[[ INFORMATION, beginning ]]

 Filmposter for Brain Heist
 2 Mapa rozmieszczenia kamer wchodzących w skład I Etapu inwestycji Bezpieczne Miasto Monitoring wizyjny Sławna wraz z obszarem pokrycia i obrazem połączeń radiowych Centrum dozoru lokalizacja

[[ INFORMATION, end ]]
[[ INFORMATION, beginning ]]

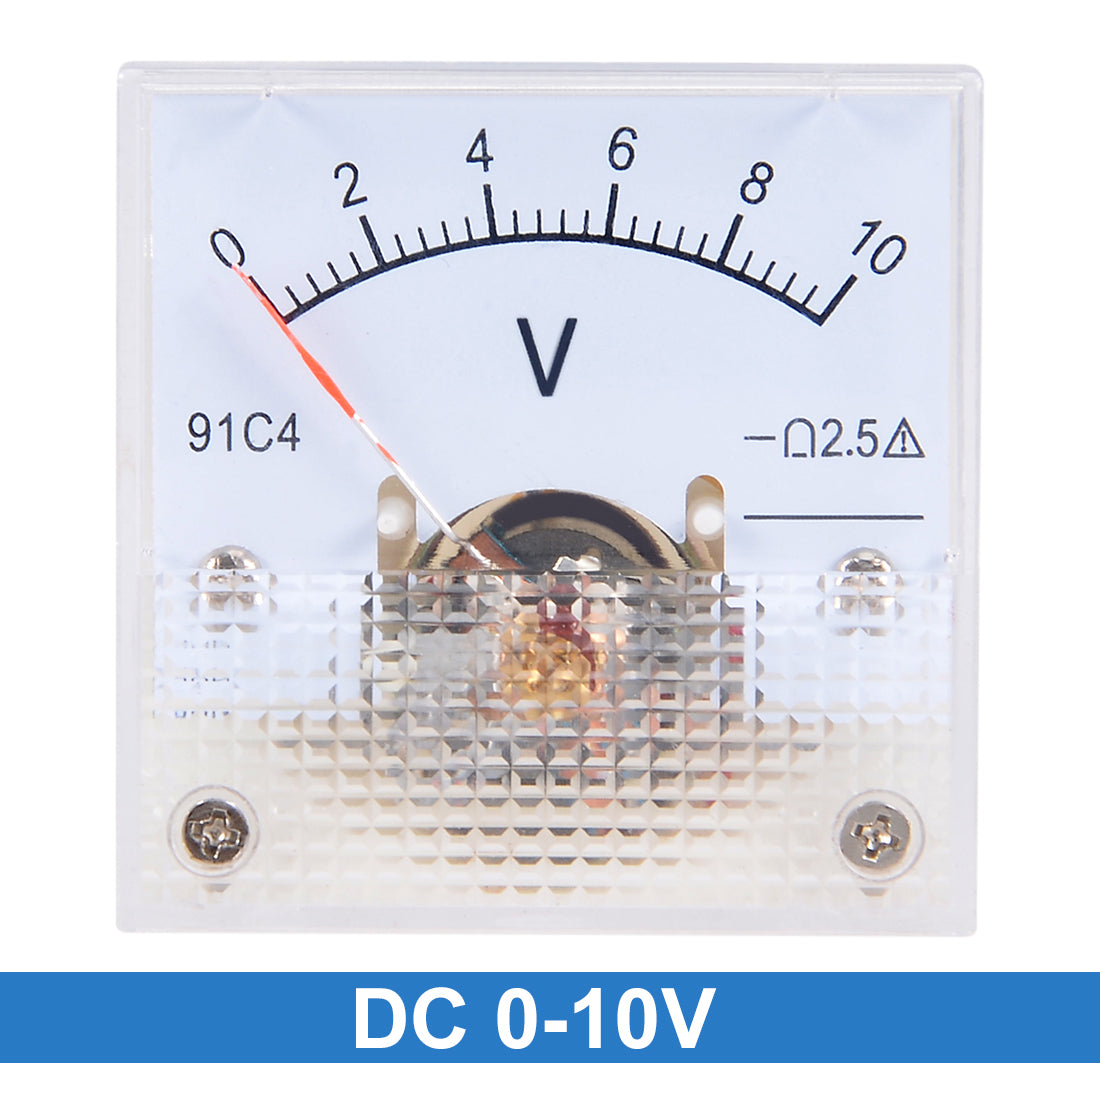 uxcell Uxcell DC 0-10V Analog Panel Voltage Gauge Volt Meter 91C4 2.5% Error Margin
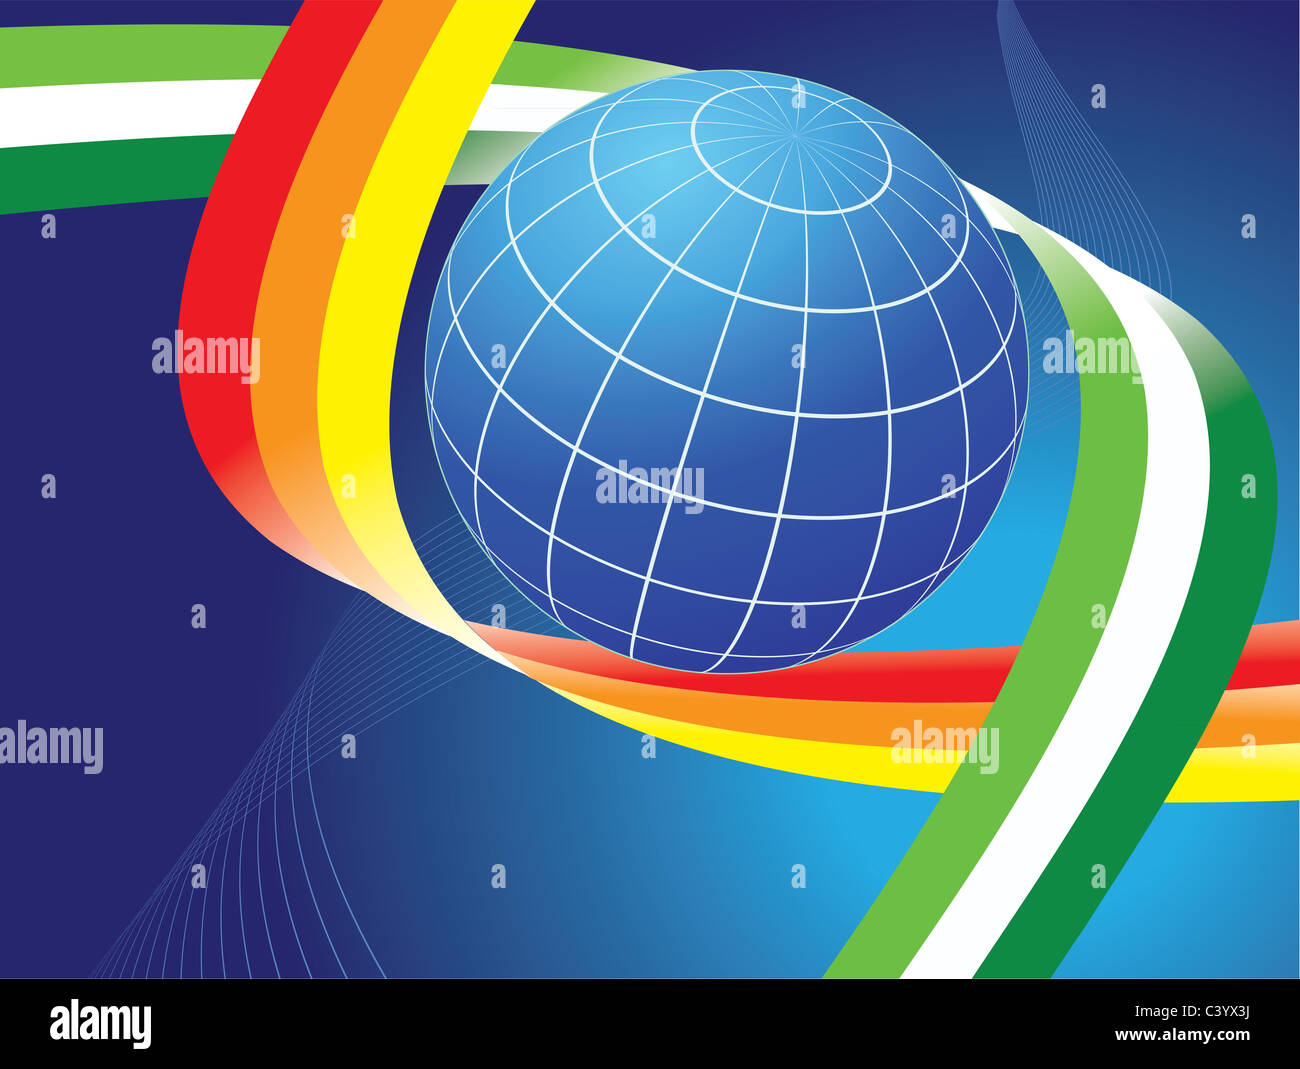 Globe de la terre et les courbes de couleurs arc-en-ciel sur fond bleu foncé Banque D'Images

[[ INFORMATION, end ]]

Only the lines above starting at the line that holds "Filmposter for Brain Heist" and ending at the line that holds "2 Mapa rozmieszczenia" are to be repeated, exactly and in full.

(ANSWER FOR THIS EXERCISE):
 Filmposter for Brain Heist
 2 Mapa rozmieszczenia kamer wchodzących w skład I Etapu inwestycji Bezpieczne Miasto Monitoring wizyjny Sławna wraz z obszarem pokrycia i obrazem połączeń radiowych Centrum dozoru lokalizacja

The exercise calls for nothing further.